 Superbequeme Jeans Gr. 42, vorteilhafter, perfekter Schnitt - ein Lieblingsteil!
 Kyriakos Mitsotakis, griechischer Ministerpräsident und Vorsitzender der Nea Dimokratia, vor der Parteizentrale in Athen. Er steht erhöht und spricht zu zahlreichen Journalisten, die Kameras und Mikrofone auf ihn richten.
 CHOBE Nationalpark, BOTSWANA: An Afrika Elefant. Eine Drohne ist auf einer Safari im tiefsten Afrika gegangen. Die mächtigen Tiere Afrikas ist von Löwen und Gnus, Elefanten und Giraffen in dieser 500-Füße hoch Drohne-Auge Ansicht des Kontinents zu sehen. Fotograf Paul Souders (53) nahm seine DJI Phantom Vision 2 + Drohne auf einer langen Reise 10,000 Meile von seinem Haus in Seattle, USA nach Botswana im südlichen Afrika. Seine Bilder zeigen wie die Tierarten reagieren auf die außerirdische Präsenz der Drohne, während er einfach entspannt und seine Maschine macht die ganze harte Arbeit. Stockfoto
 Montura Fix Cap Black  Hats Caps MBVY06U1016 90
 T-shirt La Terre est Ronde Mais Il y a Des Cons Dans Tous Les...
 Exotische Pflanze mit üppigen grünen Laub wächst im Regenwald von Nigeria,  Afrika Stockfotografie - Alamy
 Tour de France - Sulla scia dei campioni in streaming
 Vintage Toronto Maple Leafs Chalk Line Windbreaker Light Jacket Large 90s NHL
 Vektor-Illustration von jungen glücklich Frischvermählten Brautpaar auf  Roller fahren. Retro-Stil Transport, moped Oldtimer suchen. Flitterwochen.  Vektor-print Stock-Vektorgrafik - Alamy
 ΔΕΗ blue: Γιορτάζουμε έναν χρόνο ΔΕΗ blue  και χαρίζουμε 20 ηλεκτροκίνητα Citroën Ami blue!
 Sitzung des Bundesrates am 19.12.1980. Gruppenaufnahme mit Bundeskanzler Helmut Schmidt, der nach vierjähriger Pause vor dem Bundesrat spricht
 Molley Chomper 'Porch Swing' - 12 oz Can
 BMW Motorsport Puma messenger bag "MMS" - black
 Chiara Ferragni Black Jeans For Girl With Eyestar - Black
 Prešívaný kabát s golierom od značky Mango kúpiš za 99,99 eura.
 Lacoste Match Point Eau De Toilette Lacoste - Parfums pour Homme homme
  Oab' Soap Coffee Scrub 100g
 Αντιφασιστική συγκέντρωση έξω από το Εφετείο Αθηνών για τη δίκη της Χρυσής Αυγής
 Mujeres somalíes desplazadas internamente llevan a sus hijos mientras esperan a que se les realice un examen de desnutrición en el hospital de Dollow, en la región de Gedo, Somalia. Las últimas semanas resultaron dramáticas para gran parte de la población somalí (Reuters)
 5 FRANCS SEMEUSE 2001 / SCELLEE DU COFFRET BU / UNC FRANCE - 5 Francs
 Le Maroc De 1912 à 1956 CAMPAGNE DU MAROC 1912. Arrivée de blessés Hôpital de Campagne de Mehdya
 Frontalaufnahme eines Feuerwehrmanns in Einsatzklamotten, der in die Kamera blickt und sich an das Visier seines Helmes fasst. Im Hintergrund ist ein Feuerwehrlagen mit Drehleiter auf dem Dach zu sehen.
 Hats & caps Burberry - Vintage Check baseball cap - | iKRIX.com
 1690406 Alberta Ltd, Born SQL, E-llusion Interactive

About this task:
Could you set down, exactly as written, the lines above between the one holding "Sitzung des Bundesrates" and the one holding "Mujeres somalíes desplazadas", inclusive, and nothing more?

Answer to the exercise:
 Sitzung des Bundesrates am 19.12.1980. Gruppenaufnahme mit Bundeskanzler Helmut Schmidt, der nach vierjähriger Pause vor dem Bundesrat spricht
 Molley Chomper 'Porch Swing' - 12 oz Can
 BMW Motorsport Puma messenger bag "MMS" - black
 Chiara Ferragni Black Jeans For Girl With Eyestar - Black
 Prešívaný kabát s golierom od značky Mango kúpiš za 99,99 eura.
 Lacoste Match Point Eau De Toilette Lacoste - Parfums pour Homme homme
  Oab' Soap Coffee Scrub 100g
 Αντιφασιστική συγκέντρωση έξω από το Εφετείο Αθηνών για τη δίκη της Χρυσής Αυγής
 Mujeres somalíes desplazadas internamente llevan a sus hijos mientras esperan a que se les realice un examen de desnutrición en el hospital de Dollow, en la región de Gedo, Somalia. Las últimas semanas resultaron dramáticas para gran parte de la población somalí (Reuters)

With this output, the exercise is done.